Yahoo Answers is shutting down on May 4th, 2021 (Eastern Time) and beginning April 20th, 2021 (Eastern Time) the Yahoo Answers website will be in read-only mode. There will be no changes to other Yahoo properties or services, or your Yahoo account. You can find more information about the Yahoo Answers shutdown and how to download your data on this help page.

Trending News

Promoted
Jesus
Jesus asked in Science & MathematicsMathematics · 10 years ago

Need help with simple induction proof... 10 pts!?

Got a test coming up, and I need some help with a practise question... Need to prove this by induction:

Reccurence relation: m_i = m_(i-1) + m(i - 3) + 1, i >= 3

Initial conditions: m_0 = 1, m_1 = 2, m_2 = 3

Prove m_i >= 2^(i/3)

(note: m_i means i is subscript to m)

Thanks guys!

2 Answers

Relevance
  • quintic
    Lv 6
    10 years ago
    Favorite Answer

    We will prove the stronger result, P(n), that m_n ≥ 3^(n/3), for all n ≥ 0.

    Base case:

    P(0) is true, since 1 ≥ 3^0 = 1.

    P(1) is true, since 2 ≥ 3^(1/3), since 2³ ≥ 3.

    P(2) is true, since 3 ≥ 3^(2/3).

    Note that 3^(2/3) > 2 <=> 3² > 2³. We will need this result below.

    Now we show that, for n > 2, P(n-3) and P(n-1) together imply P(n).

    m_n = m_(n-1) + m_(n-3) + 1 ≥ 3^((n-1)/3) + 3^((n-3)/3) + 1, by the induction hypothesis.

    = 3^((n-3)/3) (3^(2/3) + 1) + 1

    > 3^(n/3) + 1, since 3^(2/3) > 2.

    Hence, by mathematical induction, P(n) is true for all n ≥ 0.

    Thus m_i ≥ 3^(i/3) ≥ 2^(i/3), for all i ≥ 0.

    (This is a form of strong induction, sometimes called complete induction; see the first link below.)

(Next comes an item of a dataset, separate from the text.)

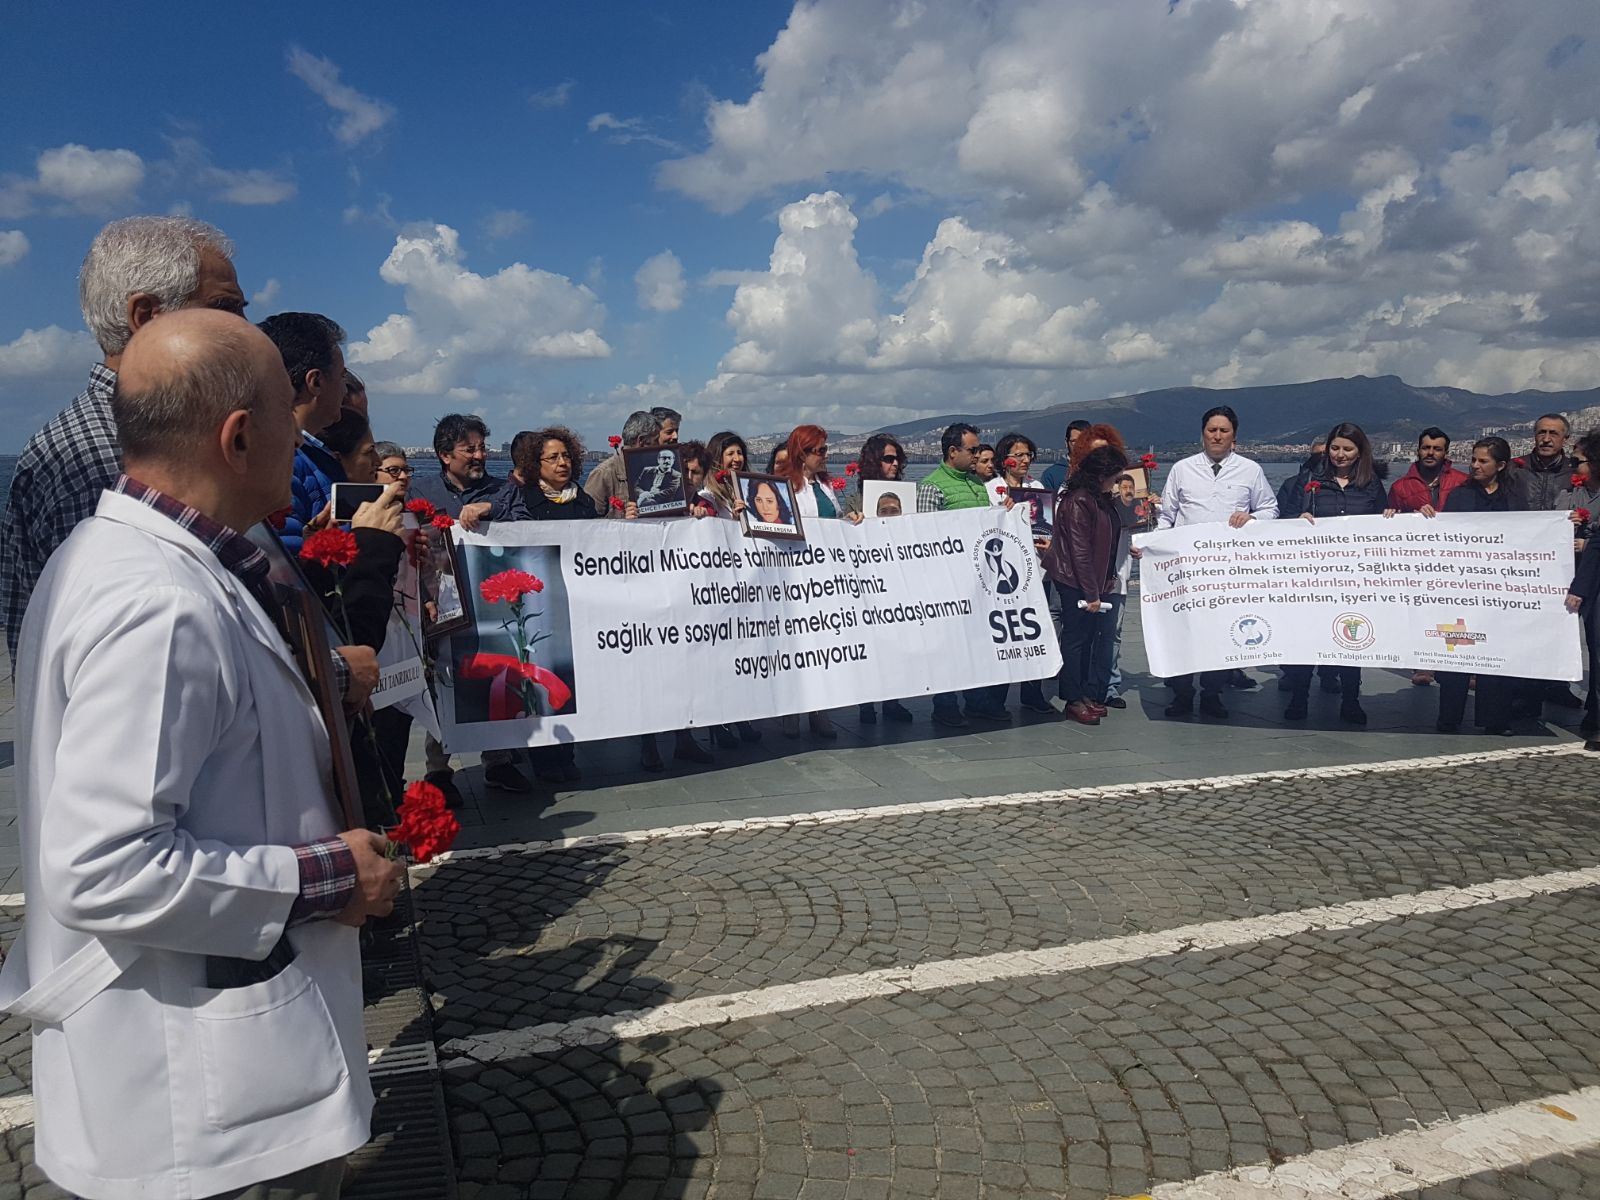 İzmir Şubemiz Katledilen ve Kaybettiğimiz Sağlık ve Sosyal Hizmet Emekçilerini Denize Karanfil Bırakarak Andı

    Table of value for n, m_n, 3^(n/3), 2^(n/3), for n = 0, 1, ... 10:

    0, 1, 1.0, 1.0

    1, 2, 1.44224957031, 1.25992104989

    2, 3, 2.08008382305, 1.58740105197

    3, 5, 3.0, 2.0

    4, 8, 4.32674871092, 2.51984209979

    5, 12, 6.24025146916, 3.17480210394

    6, 18, 9.0, 4.0

    7, 27, 12.9802461328, 5.03968419958

    8, 40, 18.7207544075, 6.34960420787

    9, 59, 27.0, 8.0

    10, 87, 38.9407383983, 10.0793683992

    11, 128, 56.1622632224, 12.6992084157

    12, 188, 81.0, 16.0

    13, 276, 116.822215195, 20.1587367983

    14, 405, 168.486789667, 25.3984168315

    15, 594, 243.0, 32.0

    16, 871, 350.466645585, 40.3174735966

    17, 1277, 505.460369002, 50.796833663

    18, 1872, 729.0, 64.0

    19, 2744, 1051.39993675, 80.6349471933

    20, 4022, 1516.381107, 101.593667326

    Source(s): http://www.cs.uiuc.edu/class/sp09/cs173/Lectures/l... http://oeis.org/A077868
  • ?
    Lv 4
    5 years ago

    we are able to coach by employing mathematical induction: First we practice that fact is actual for n = a million a million^3 - a million = 0 Now we practice that if fact is actual for n = ok-a million, then it is likewise actual for n = ok actual for n = ok-a million: (ok-a million)^3 - (ok-a million) is divisible by employing 6 (ok-a million)^3 - (ok-a million) = ok^3 - 3k^2 + 3k - a million - ok + a million = ok^3 - ok - 3k^2 + 3k = ok^3 - ok - 3k(ok - a million) ok^3 - ok = (ok-a million)^3 - (ok-a million) + 3k(ok - a million) Now (ok-a million)^3 - (ok-a million) is divisible by employing 6 and 3k(ok - a million) is divisible by employing the two 3 and a pair of (considering one in all ok or ok-a million is even) ok^3 - ok is sum of two numbers divisible by employing 6 consequently ok^3 - ok is divisible by employing 6 So, by employing mathematical induction, fact is actual for all n >= a million

Still have questions? Get your answers by asking now.